Thursday, 12:30pm
24 July 2014
Learning from L’Automàtica
East London students attend a letterpress workshop with the Barcelona printing collective
The University of East London discarded its letterpress equipment years ago, like many UK-based higher education institutions, in favour of digital technology, writes Stephen Barrett.
And while UEL staff attempt to engage students with the physicality of letterforms by introducing them to drawing and various craft exercises (many of which have been passed down through the teaching of Catherine Dixon), such tasks can be limited by the level of achievable finish.
In April 2014, with the aim of bridging the gap between typographic theory and practice through hands-on design and production, a group of seven UEL students, with myself and fellow lecturer Andrew Osman, travelled to Barcelona to participate in a week-long letterpress workshop led by Barcelona-based design and printing collective L’Automàtica.
A letterpress workshop was an ideal way to provide students with the chance to design and print work with high-end production values while also learning about typography through hands-on experience.
Prior to the workshop, the participants choose a text to use in their designs. Emphasis was placed on the value of the words being communicated, with the intention of encouraging students to focus on meaning rather than to detract from it. L’Automàtica’s Ariadna Serrahima talked about this as being at the core of the collective’s principles: ‘We feel that it is important to have a personal relationship with the material, it takes a lot of time and effort to compose and print with letterpress so it is important to communicate something that has meaning, you have to think “what is the reason to print this”, “what is my position as a designer”, in today’s world the internet makes it easy to publish anything, yet historically printing has been a powerful mode of communication – print can be a weapon.’

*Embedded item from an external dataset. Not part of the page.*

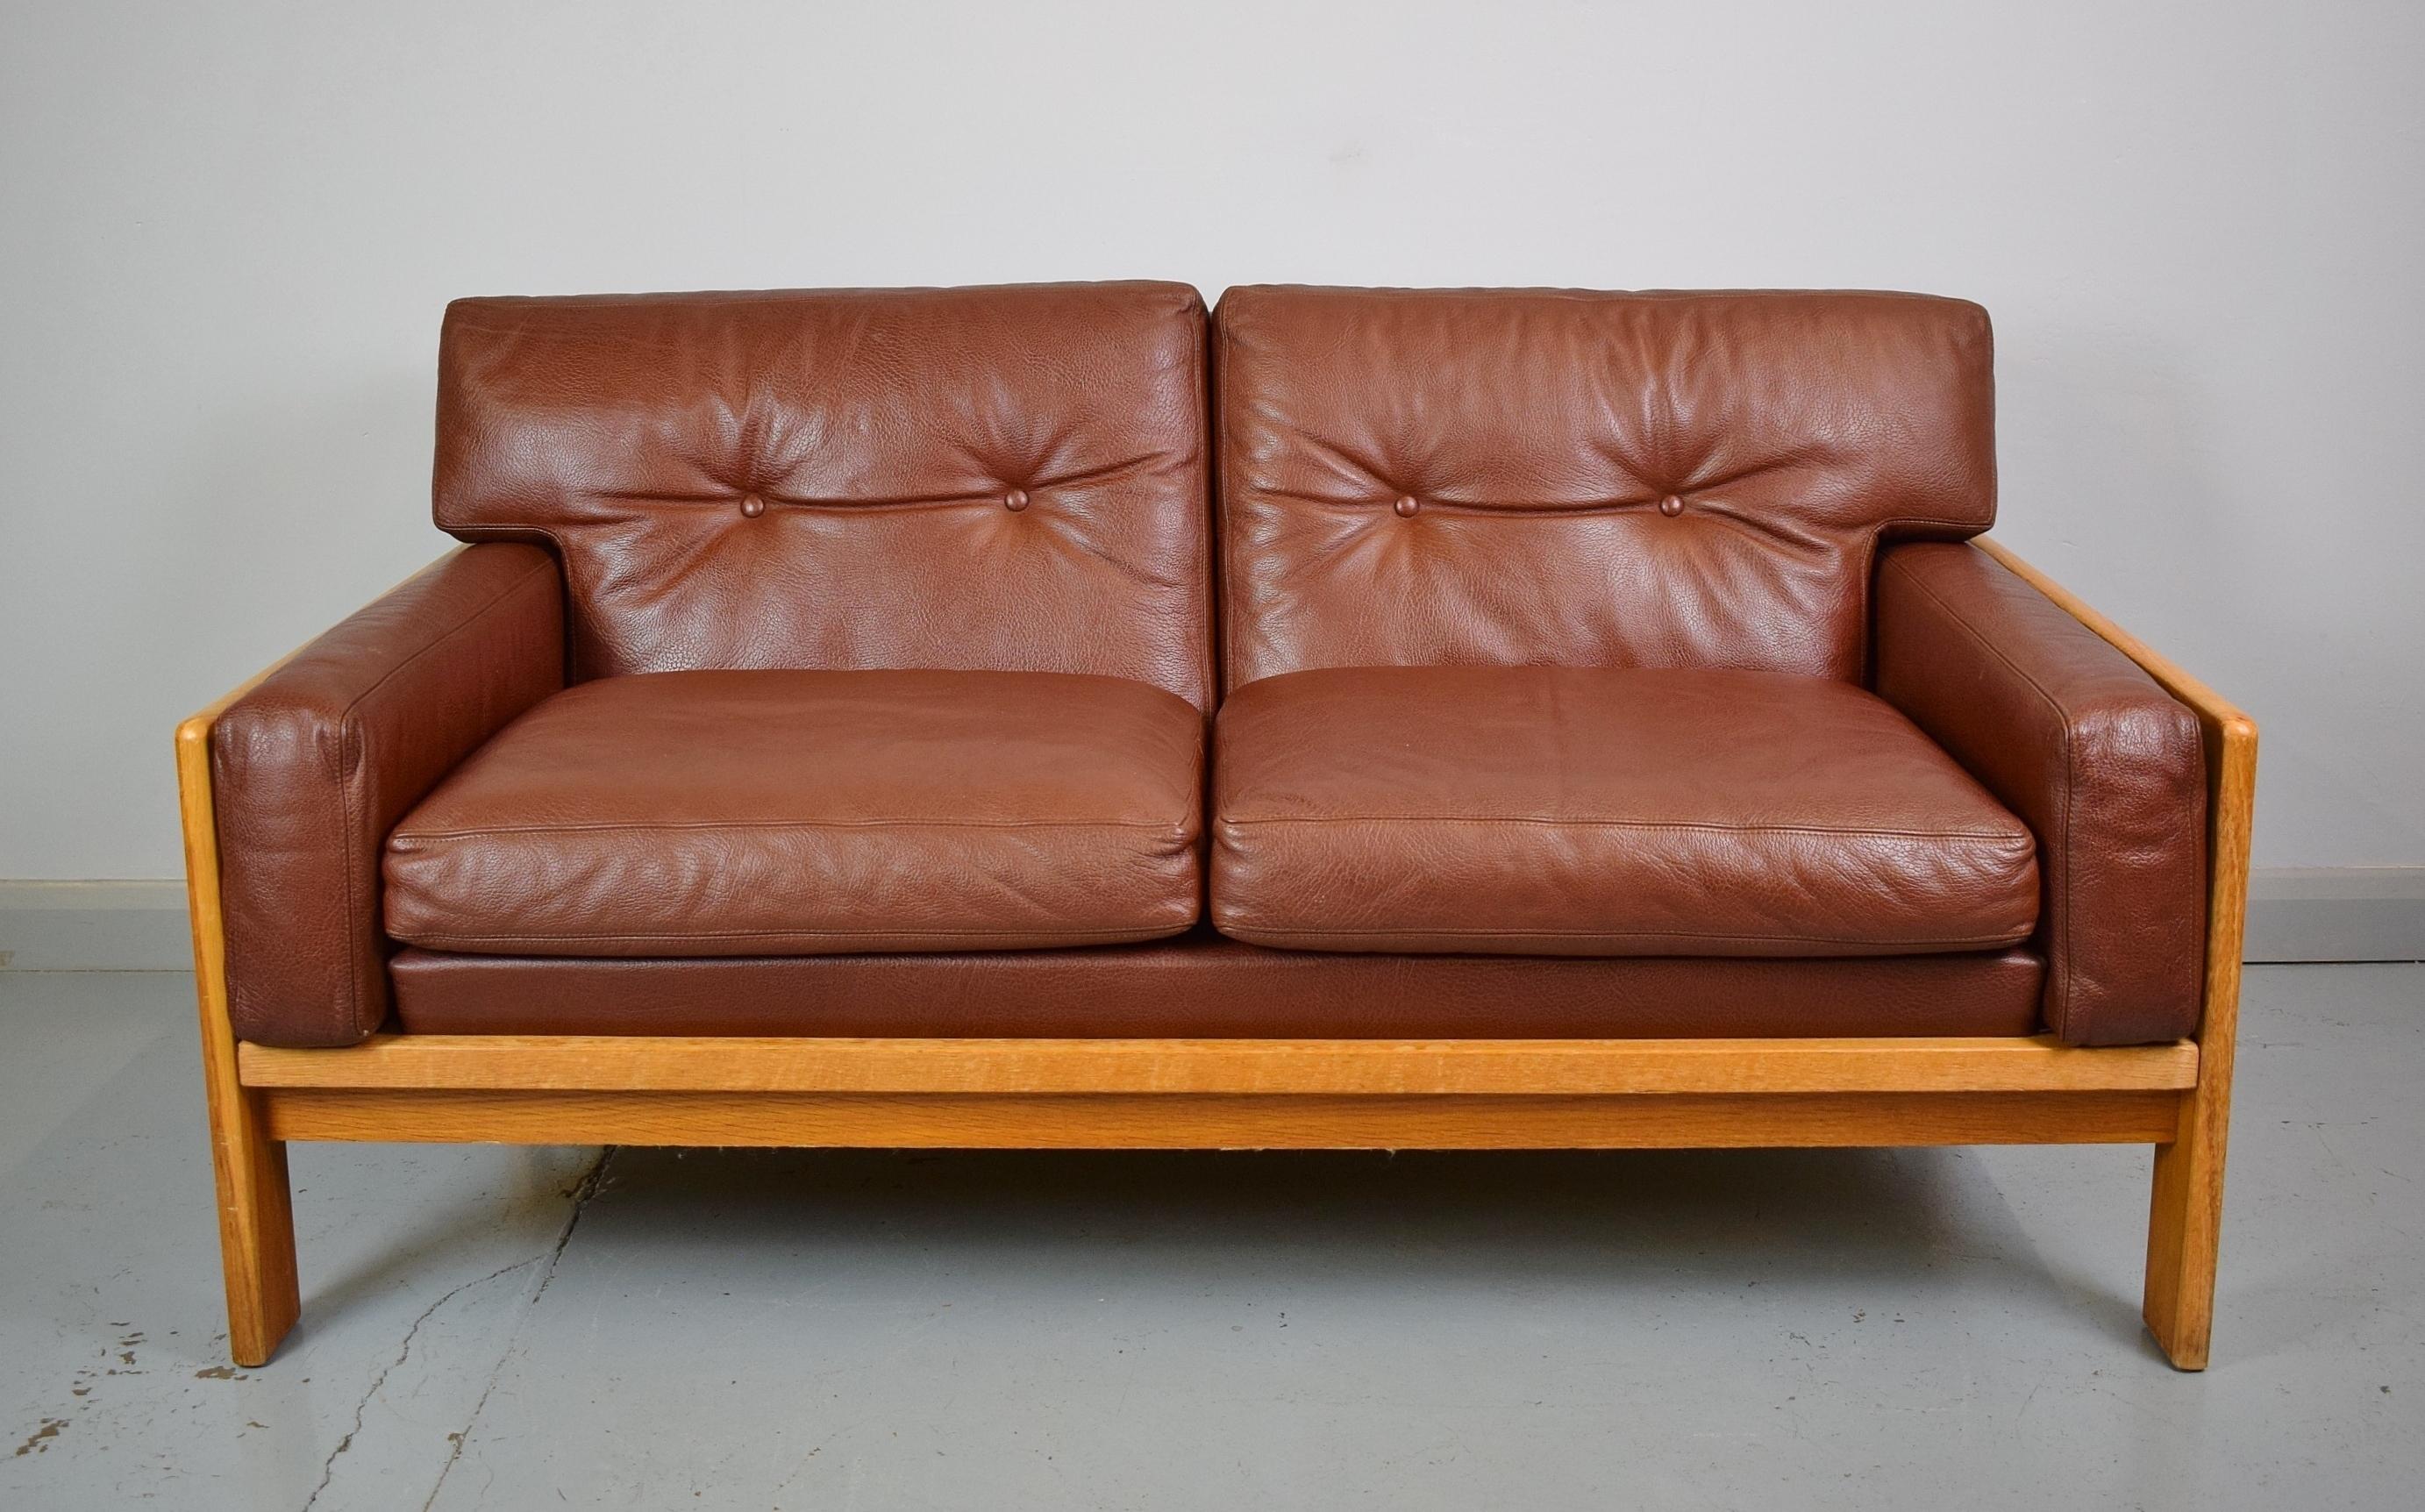 Admirable Mid Century Retro Danish Cognac Leather 2 Seat Sofa Loveseat Oak Frame 1970S Machost Co Dining Chair Design Ideas Machostcouk

The trip was partly funded by UEL’s Going Global bursary scheme which helps fund study-related trips overseas. The group of seven students included Sonia Ahmed, Jay Cook, Temidayo Kolawole, Hansa Panchani, Matthew Phillips, Sam Strudwick and Toby Way.
Constraints are a key factor when working with letterpress, the decisions a designer can make are reduced to a set of variables defined by the system. Choice of typeface and size are also limited to what is available in the printshop, which is at odds with the often overwhelming task of choosing a typeface from the thousands potentially available on the computer. These restrictions extend to the whole system of letterpress, which, unlike the infinite elasticity provided by digital typesetting, forces the student to make clear and distinct decisions.

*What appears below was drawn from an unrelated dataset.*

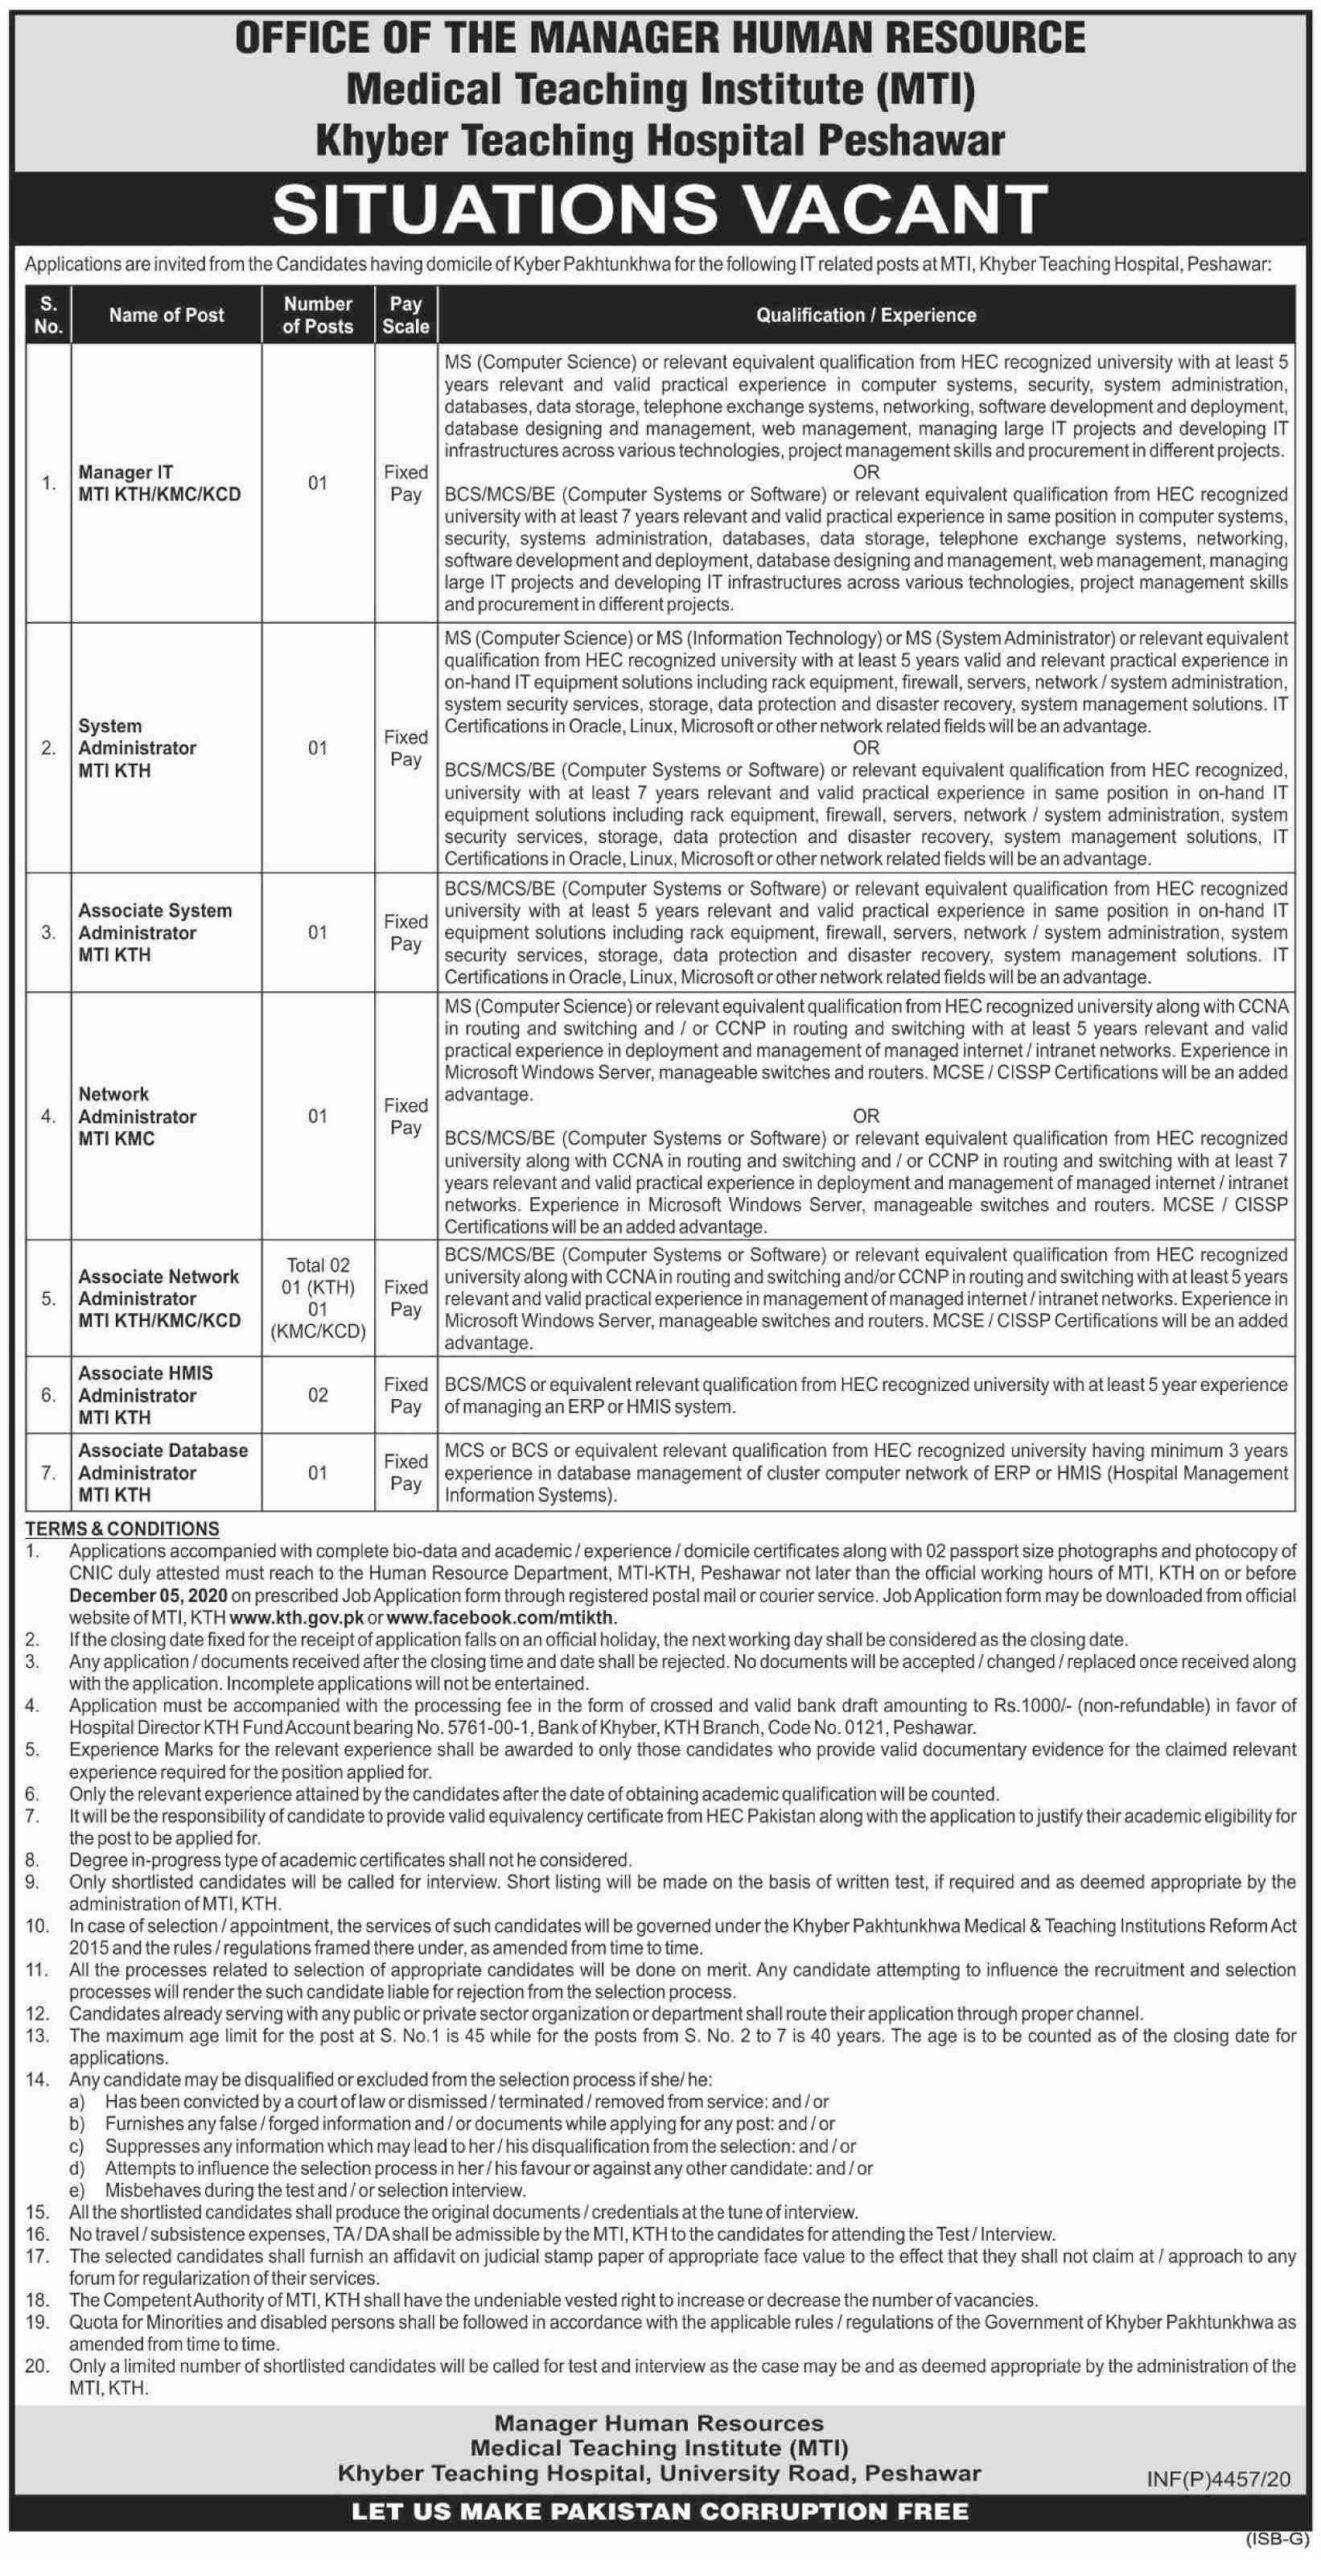 Medical Teaching Institute (MTI) Khyber Teaching Hospital Peshawar Jobs 2020 for Manager IT

The time-consuming nature of composing metal type necessitates some planning. These sketches and annotations become physical traces of the students’ design process and thinking, which can prove to be invaluable learning tools.
Composed type and spacing material for Matthew Phillips’ design using text from The Waste Land by T. S. Eliot.
An understanding of manual typesetting extends to the non-printed area. Leading, kerning, letter- and word-spacing and alignment are all physical – the student must build up the spaces as well as the characters in order to print and therefore must make decisions on all of these factors – there are no automated settings to rely on.
L’Automàtica’s printshop in Barcelona.
This physicality extends to every aspect of the production: cutting and folding paper, mixing pantone inks, die-cutting and binding. The student is not distanced from the materials and production processes via the window of the computer screen but must engage with them, understand their properties, and in time know how to manipulate them to his / her advantage.
UEL Typography tutor Andrew Osman composing his piece. The workshop allowed staff and students to learn together – we were all novices.
L’Automàtica’s building is without computers or internet access, so the distractions that the Web provides have been removed. With no Facebook or design blogs to consult, the student is forced to solve the design problems there and then, with what they have available: the tools and their own mind. Serrahima described this as being key to the experience of L’Automàtica, especially when working on personal projects: ‘you are able to close yourself off from the outside world, and make a pure reflection on the activity of composing and designing the text, the process becomes about the best way to structure these particular words, you understand and appreciate every bit of space.’
With student workshops providing vital funding for maintaining the printshop, L’Automàtica will continue to conduct workshops with groups of students from all over the world. As such the collective are able to pass on their knowledge of these techniques and processes to future generations. One could argue that letterpress is perhaps a luxury and not vital to the study of typography, but it provides us with a form by which we can explore and understand the subject and its origins, a process that we can see and smell and touch. It is something to hold on to.
With two members of L’Automatica, Ariadna Serrahima and Marc Torrent, and printer / instructor Ferrán Fandos, the workshop culminated in a communal publication.
Designs by Sam Strudwick and Jay Cook printed together on the same sheet before trimming.